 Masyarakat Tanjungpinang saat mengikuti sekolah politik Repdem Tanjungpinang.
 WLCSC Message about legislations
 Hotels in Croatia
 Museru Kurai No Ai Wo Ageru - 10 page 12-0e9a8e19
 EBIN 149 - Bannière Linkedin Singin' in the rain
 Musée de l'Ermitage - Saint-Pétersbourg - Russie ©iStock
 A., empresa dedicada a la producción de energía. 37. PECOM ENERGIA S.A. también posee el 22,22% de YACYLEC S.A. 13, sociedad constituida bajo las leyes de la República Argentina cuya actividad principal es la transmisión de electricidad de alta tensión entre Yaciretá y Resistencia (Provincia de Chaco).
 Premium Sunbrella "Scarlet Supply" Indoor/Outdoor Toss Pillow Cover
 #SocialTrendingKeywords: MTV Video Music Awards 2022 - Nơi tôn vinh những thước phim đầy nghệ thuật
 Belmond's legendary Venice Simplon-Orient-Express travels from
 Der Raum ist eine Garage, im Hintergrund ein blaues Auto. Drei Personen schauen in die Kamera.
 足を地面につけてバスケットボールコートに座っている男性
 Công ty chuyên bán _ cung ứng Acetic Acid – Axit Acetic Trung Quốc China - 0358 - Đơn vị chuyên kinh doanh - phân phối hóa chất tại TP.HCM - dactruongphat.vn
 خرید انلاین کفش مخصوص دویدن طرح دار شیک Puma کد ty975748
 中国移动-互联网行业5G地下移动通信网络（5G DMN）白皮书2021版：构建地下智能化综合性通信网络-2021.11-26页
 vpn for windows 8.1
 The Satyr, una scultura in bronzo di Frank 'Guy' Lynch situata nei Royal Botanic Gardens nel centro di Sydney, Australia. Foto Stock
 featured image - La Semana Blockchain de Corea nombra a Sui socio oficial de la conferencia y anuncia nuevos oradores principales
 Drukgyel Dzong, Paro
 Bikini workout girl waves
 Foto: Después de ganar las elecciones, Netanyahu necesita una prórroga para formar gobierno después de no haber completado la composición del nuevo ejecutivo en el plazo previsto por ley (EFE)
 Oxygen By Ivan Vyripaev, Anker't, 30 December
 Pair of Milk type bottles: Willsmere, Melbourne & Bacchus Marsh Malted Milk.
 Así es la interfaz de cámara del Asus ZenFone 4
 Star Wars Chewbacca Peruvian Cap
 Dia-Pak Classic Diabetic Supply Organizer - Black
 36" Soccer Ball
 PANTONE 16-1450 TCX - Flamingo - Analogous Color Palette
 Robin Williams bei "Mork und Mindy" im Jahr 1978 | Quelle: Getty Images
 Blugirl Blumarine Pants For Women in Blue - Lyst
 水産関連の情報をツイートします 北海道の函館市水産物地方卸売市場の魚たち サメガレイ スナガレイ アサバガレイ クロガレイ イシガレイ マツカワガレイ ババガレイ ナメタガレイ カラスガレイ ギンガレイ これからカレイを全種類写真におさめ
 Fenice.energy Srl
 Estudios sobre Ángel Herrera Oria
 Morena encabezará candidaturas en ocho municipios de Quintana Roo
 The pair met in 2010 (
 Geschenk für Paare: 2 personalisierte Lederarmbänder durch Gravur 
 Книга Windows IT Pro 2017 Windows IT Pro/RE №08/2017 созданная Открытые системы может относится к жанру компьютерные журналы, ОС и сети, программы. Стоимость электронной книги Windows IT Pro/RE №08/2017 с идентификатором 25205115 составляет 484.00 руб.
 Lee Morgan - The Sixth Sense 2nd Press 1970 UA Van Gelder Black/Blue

---

- **What to work on**
Here the output must be the lines above from the line with "WLCSC Message about legislations" to the line with "Musée de l'Ermitage", both included, duplicated word for word and nothing else.

- **Response area**
 WLCSC Message about legislations
 Hotels in Croatia
 Museru Kurai No Ai Wo Ageru - 10 page 12-0e9a8e19
 EBIN 149 - Bannière Linkedin Singin' in the rain
 Musée de l'Ermitage - Saint-Pétersbourg - Russie ©iStock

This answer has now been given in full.